ROANOKE TIMES 
                      Copyright (c) 1997, Roanoke Times

DATE: Thursday, January 2, 1997              TAG: 9701020037
SECTION: CURRENT                  PAGE: NRV-1 EDITION: NEW RIVER VALLEY 
DATELINE: BLACKSBURG
SOURCE: ALLISON BLAKE STAFF WRITER


PRISON AG PROJECT MAY GET BOOST

A Virginia Tech agriculture project may get a little help from the Virginia General Assembly with its effort to help state prison inmates grow their own food.

Del. Jim Shuler, D-Blacksburg, will ask legislators for $250,000 to launch a study of meat and dairy product production by inmates. Shuler says it's part of an effort to develop a plan where inmates can produce all of their food.

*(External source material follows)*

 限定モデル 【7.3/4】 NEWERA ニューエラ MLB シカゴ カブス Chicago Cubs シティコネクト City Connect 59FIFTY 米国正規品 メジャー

Virginia's state prisons house 25,300 inmates. The exact amount spent on food for each is unavailable, although $16,590 was the average annual cost of feeding, housing, and maintaining a prisoner during fiscal year 1996, which ended July 1, said David Botkins, spokesman for the state Department of Corrections.

Shuler's proposal would lead to the second phase of a program started three years ago with the aid of Virginia Tech's College of Agriculture and Life Sciences. Under the first phase, inmates grew "high value, labor intensive crops" such as asparagus, strawberries and tomatoes, at a 210-acre Sussex County farm, according to a release from Shuler's office.

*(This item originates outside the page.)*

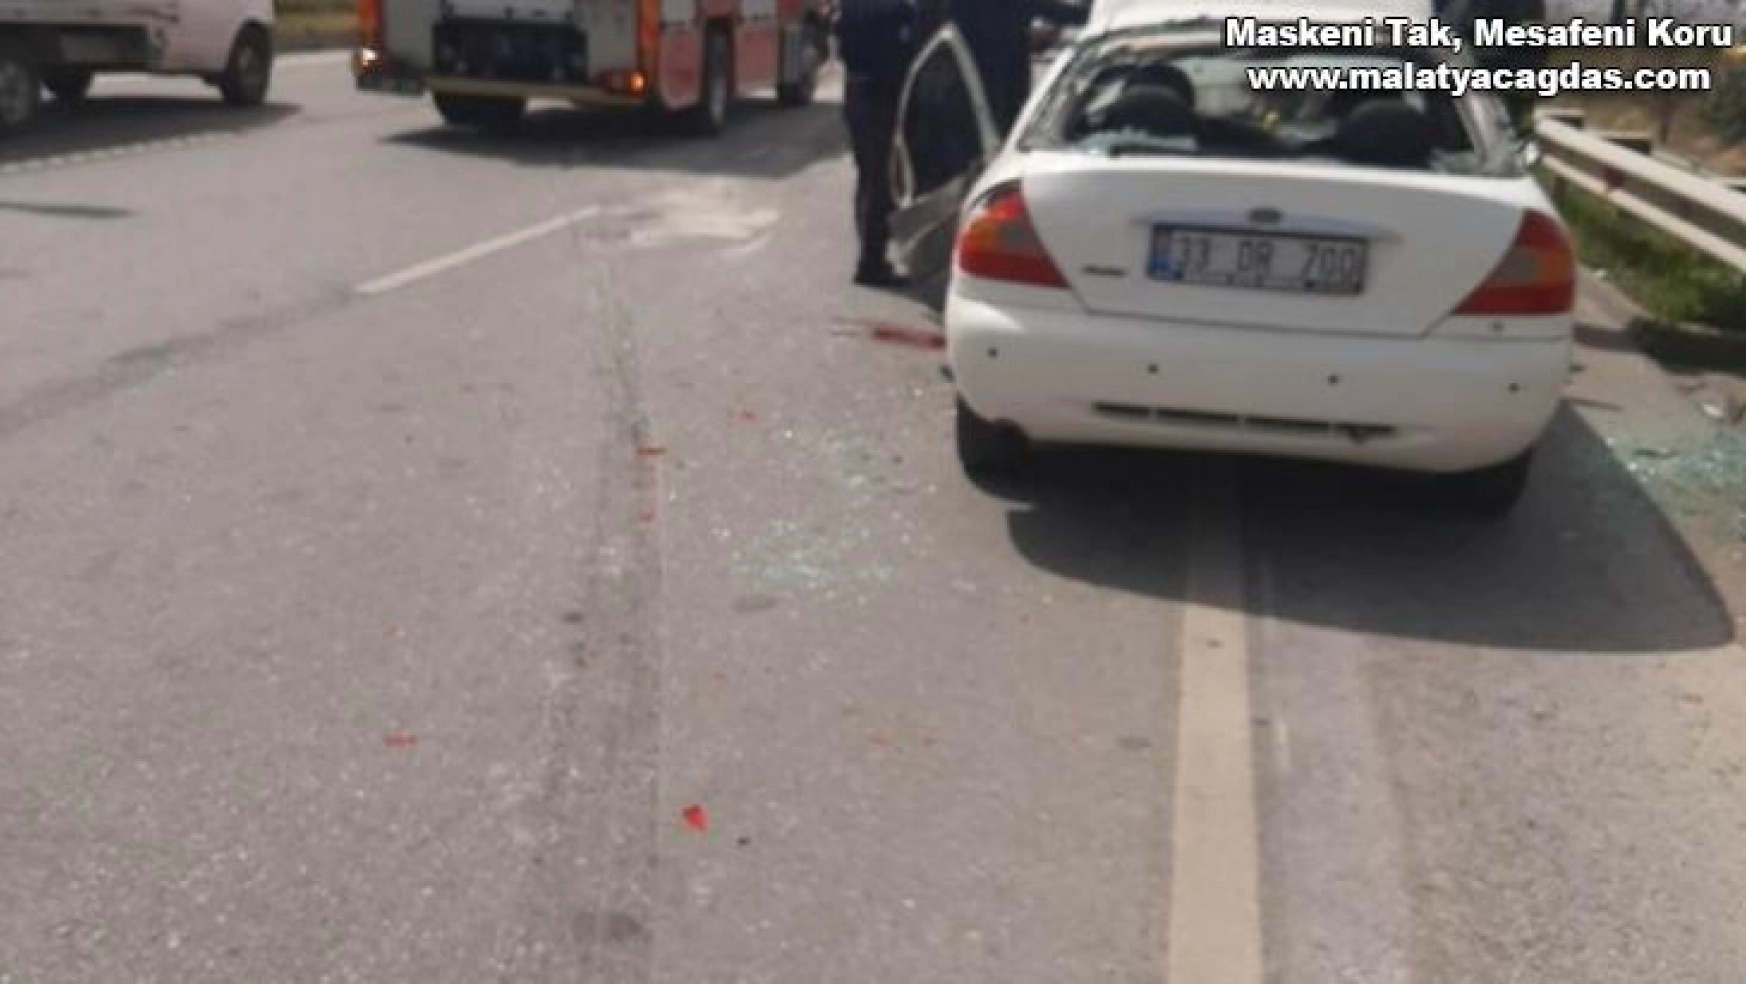 Hatay'da beton mikseri otomobile çarptı: 1 ölü

Tech professor Paul Hoepner, who leads the project, expects crops will be sold for a $2 million annual profit, according to the release.

The Corrections Department owns 10,000 acres of land, and not all of it is being cultivated.

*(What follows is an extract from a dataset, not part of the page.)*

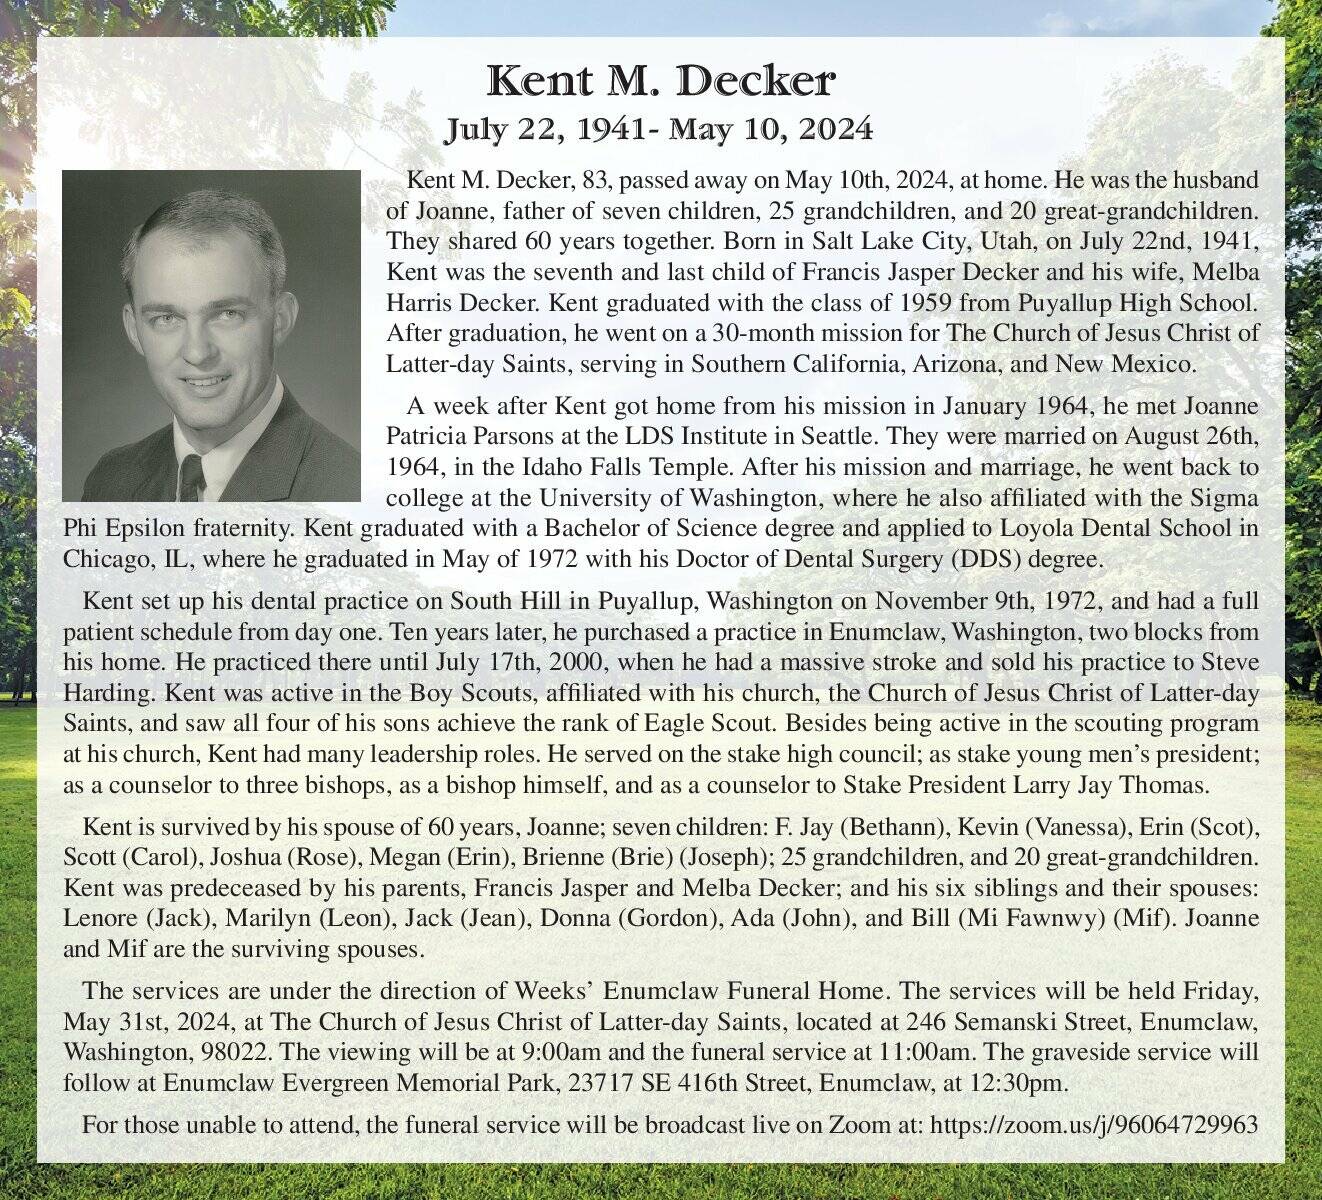 Kent Decker

"The more we can produce within the prison system for their own sustenance, the less we have to put in from taxpayer dollars to fund that," Shuler said.

Botkins said he was not familiar with this particular inmate work program, but that the state corrections system "has been moving toward self-sufficiency when it comes to food production." It also operates a meat-processing plant and a dairy, both at James River Correctional Center in Goochland County.